This article addresses a common task which many administrators have to address within their career as as an IT professional - changing the password on a core administrator account.
It is well known that Administrators should always create dedicated service accounts with appropriate access to be used by network applications on a Microsoft network. However there is always a case of a lazy administrator in the past who could not be bothered to create dedicated service accounts so they use the default domain admin account "Domain\Administrator" for applications and services to use. So what happens in the event when there are applications and services across the network using a default domain account, everyone including previous employees, current employees and end users know the password to this account and you don't know exactly applications are using the account? This article addresses exactly this situation.
The only way to identify all applications using an account for authentication is to revert to audit logs on domain controllers and identify the IP addresses in which the authentication attempts have been initiated from. Once you have the IP addresses as an administrator your able to dig down into the servers configuration and identify what applications are installed and figure out what is making the authentication attempts from the account. No application will be able to tell you exactly what program is performing the authentication request because all applications are different. For example some applications may store the domain administrator credentials in a text configuration file, others might store the credentials in some type of database table and others might simply store it in a service or scheduled task. No audit application understand the inter workings of every single application made, at best they can only look for where applications "usually" store credentials and return results based on that.

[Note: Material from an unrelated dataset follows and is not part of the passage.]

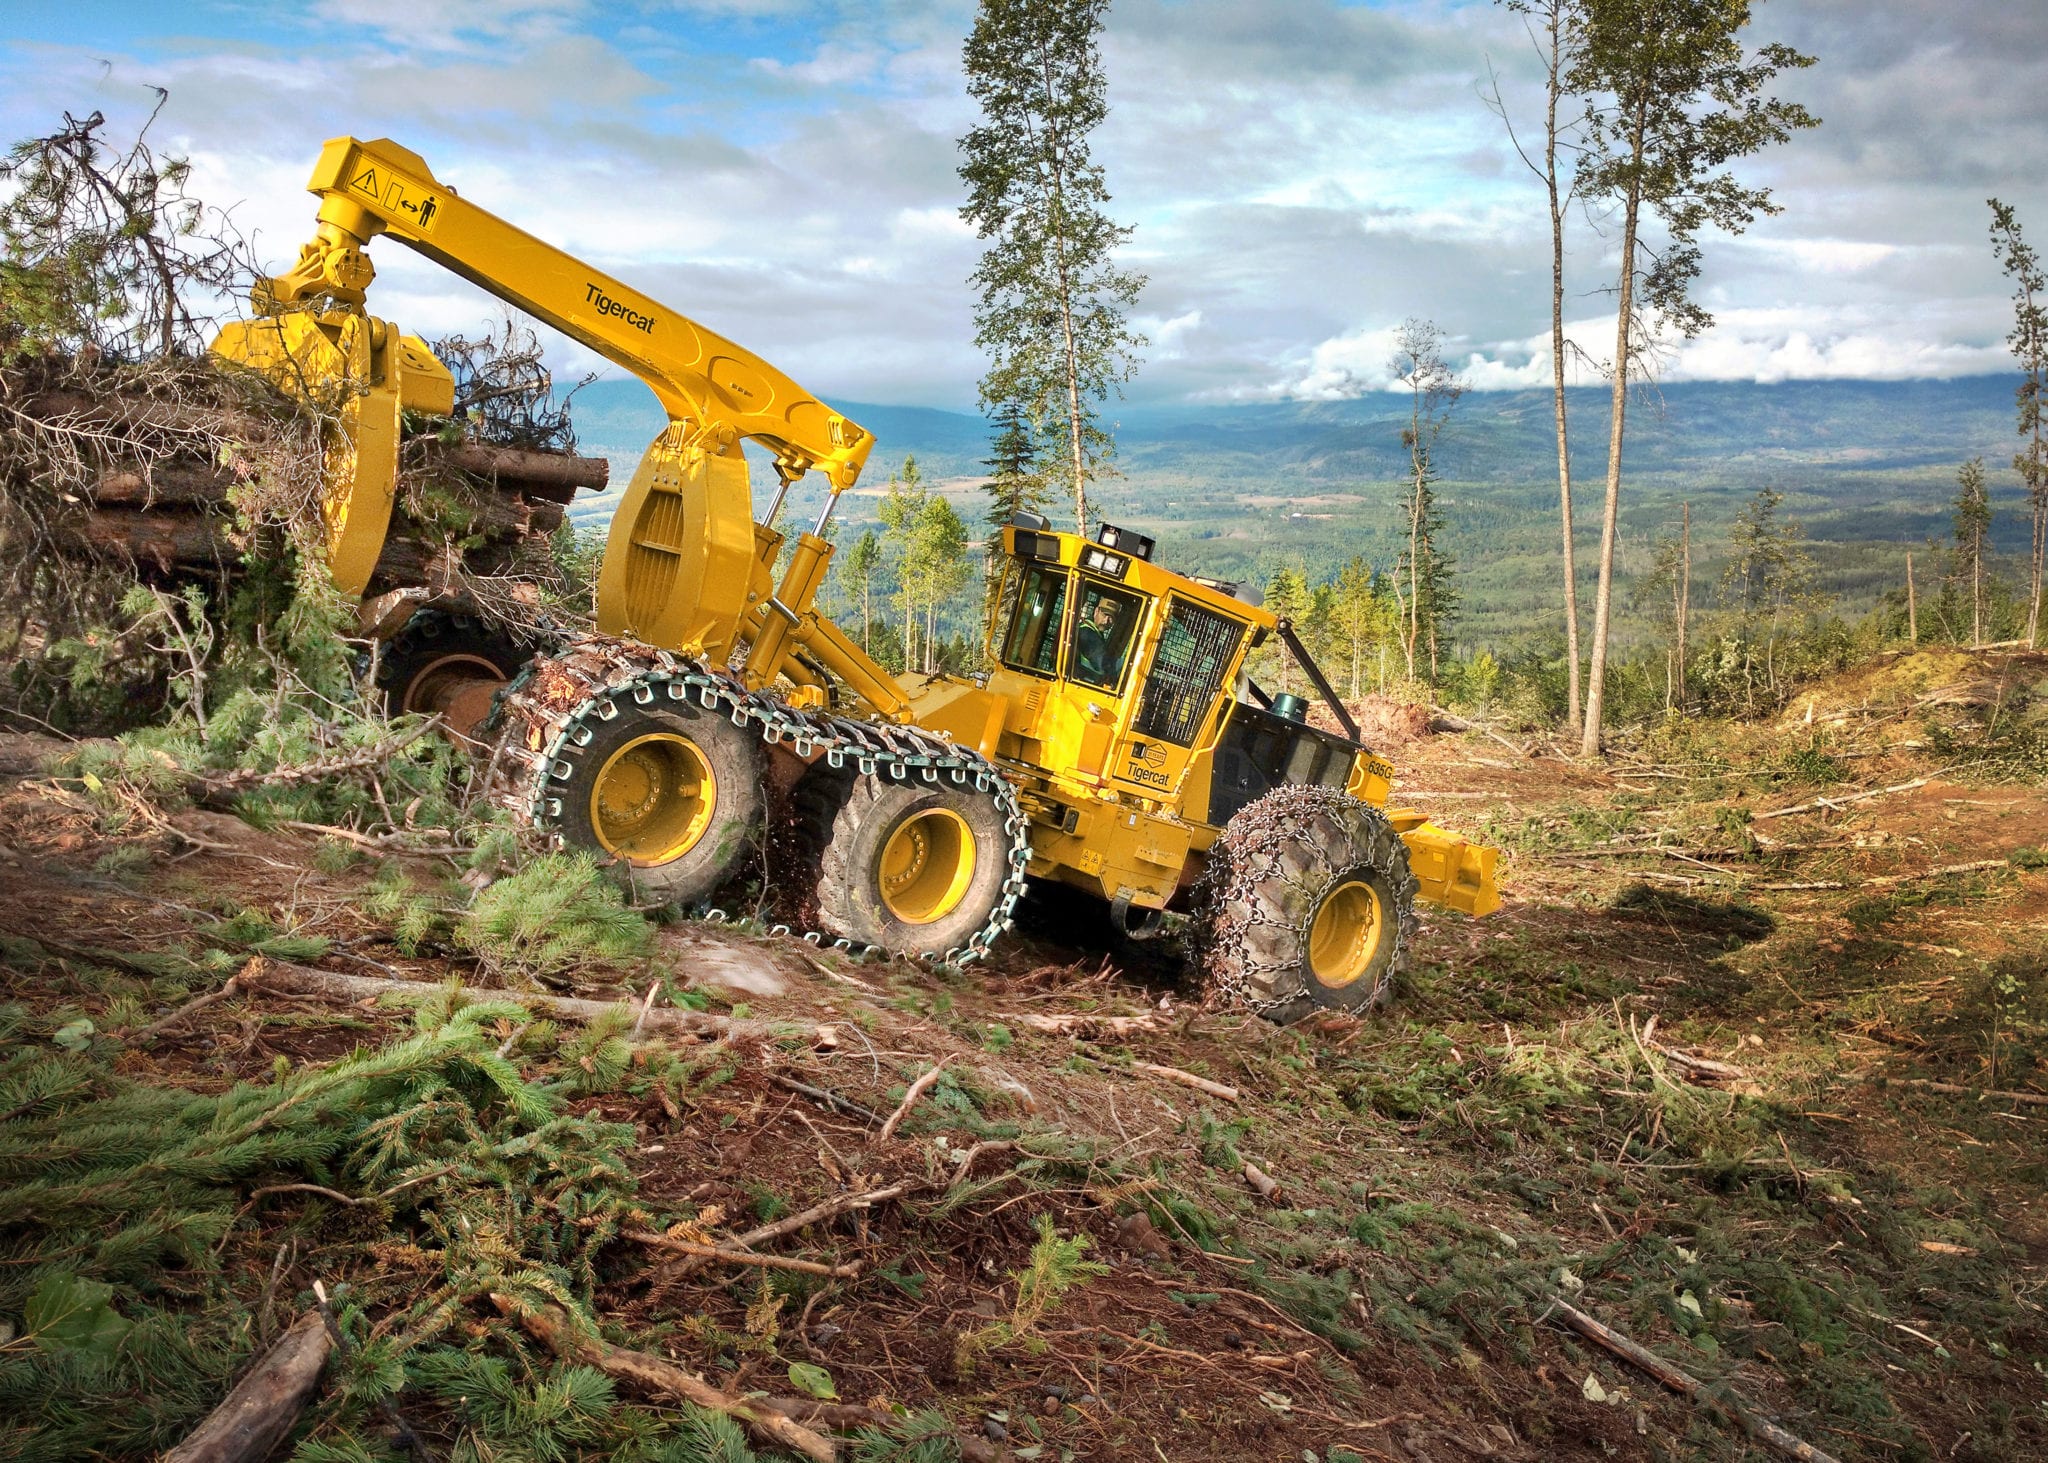 Forestry Equipment Supplier and Rentals

Another thing to note is each domain controller stores audit logs for authentication requests made against the individual DC. There is no place where you can look at all authentication requests against domain controllers on a domain wide level without using additional software. To gain inside into what authentication requests are being made on your network I recommend a product such as Snare Server. Snare is seen by many as the industry standard for capturing and filtering audit and event log data. Snare Server will pull audit logs from all domain controllers in your organisation and allow you to quickly identify exactly what servers in your organisation are using a specific account.